We can shed some light on the situation by going back and examining c1:

>>> c2.a1
B(4482140480)
>>> c1.a1
B(4482140480)
>>> 

Clearly, c1 has been tampered with!

The explanation

Although I was reading blog post after blog post about the __new__ method and various pitfalls to watch out for, I was not reading carefully enough. In fact, here’s the relevant excerpt from the official documentation:

If __new__() returns an instance of cls, then the new instance’s __init__() method will be invoked like __init__(self[, ...]), where self is the new instance and the remaining arguments are the same as were passed to __new__().

This seems reasonable… until you really read it. The key phrase here is “returns an instance of cls”. What is glossed over is that Python does not actually check that this returned instance is a new instance, despite the documentation saying it is.

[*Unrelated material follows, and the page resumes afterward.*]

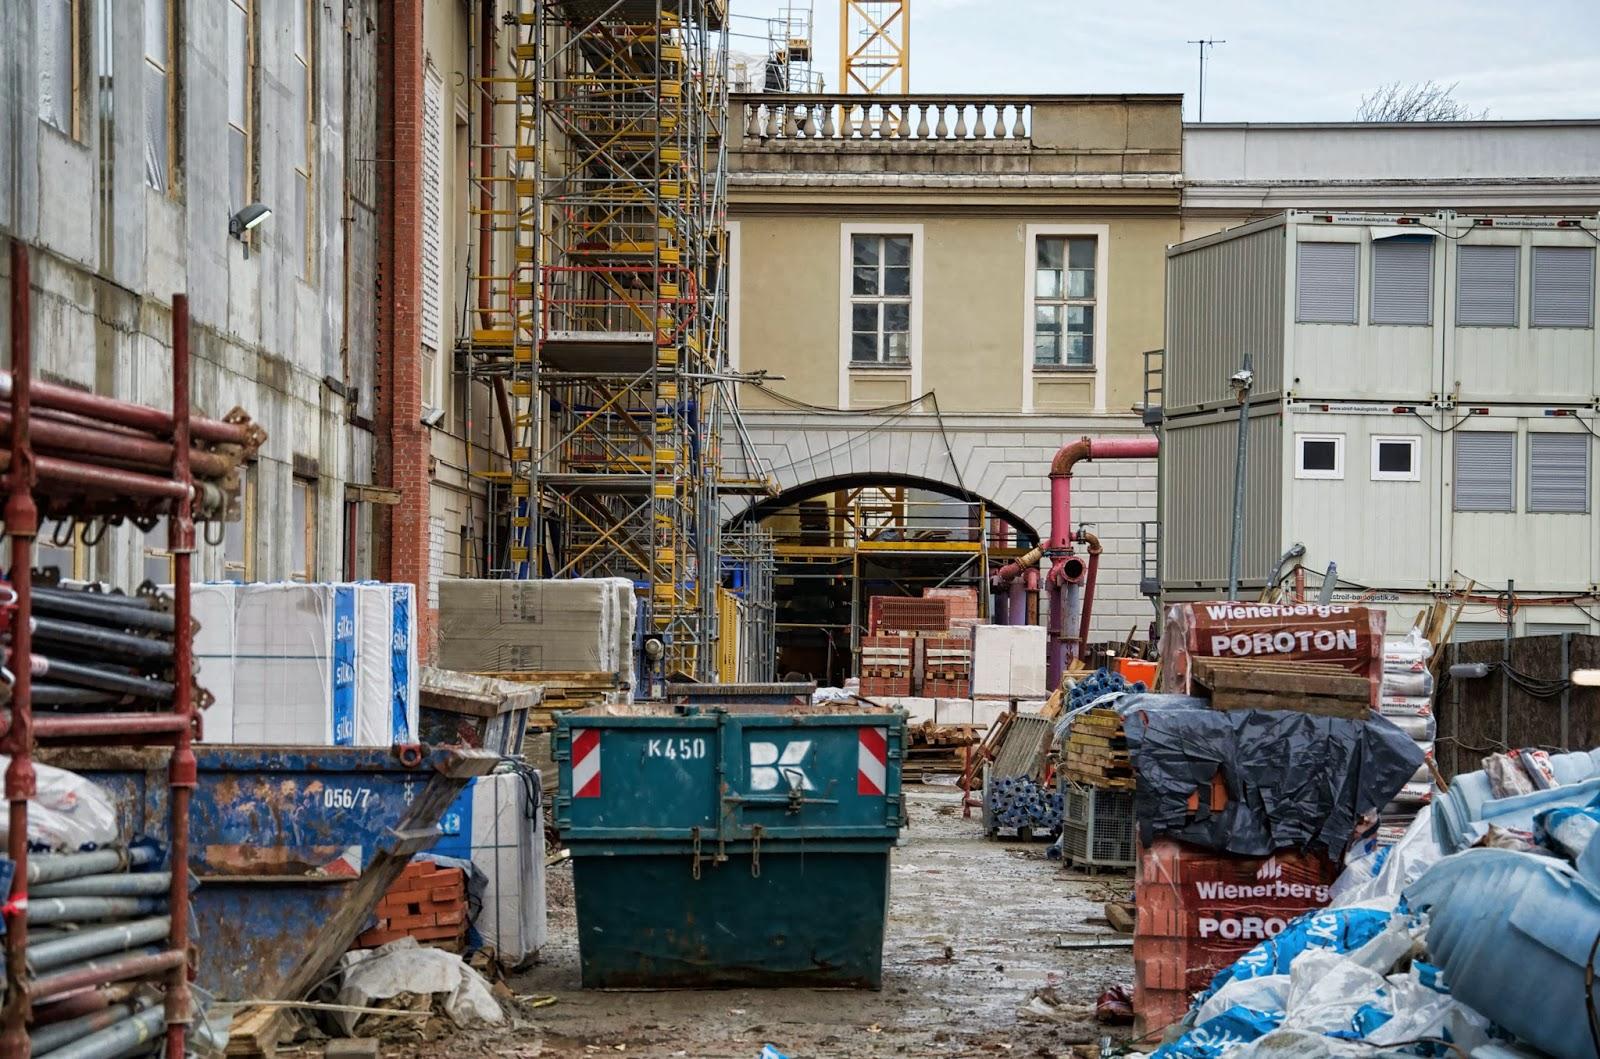 Baustelle Oberwallstraße / Werderscher Markt, 10117 Berlin, 22.12.2013

What was happening was my __new__ method was returning an instance of C — the instance c1 which had already been initialized! Since this is “an instance of cls”, the __init__ function was called again, but this time self was pointing to the object c1, with the new B instance as a1 and itself as a2. Since my __init__ doesn’t check the arguments, it was blindly filling out the fields in the object as it thought it should. This led to c1.a2 (and c2.a2) pointing to the parent object c1, resulting in an infinite recursion when I attempted to get the string representation of the instance.

The solution

I found various suggested solutions for semi-similar issues (although I did not find any record of anybody having quite the same problem as me), and what I ended up going with was based on this StackOverflow answer:

1
2
3
4
5
6
7
8
9
10
11
class C(A):
    def __new__(cls, a1: A, a2: A):
        if isinstance(a1, B):
            return a2
        else:
            new_self = super().__new__(cls)
            new_self.a1 = a1
            new_self.a2 = a2
            return new_self
    
    ...

There is no __init__ definition in the class any longer; if there’s no __init__, then __init__ can’t be called when an instance of C is returned from __new__!

This produced the desired results. It was a whirlwind of exploration for a couple hours there, but in the end it was kind of fun to figure this out!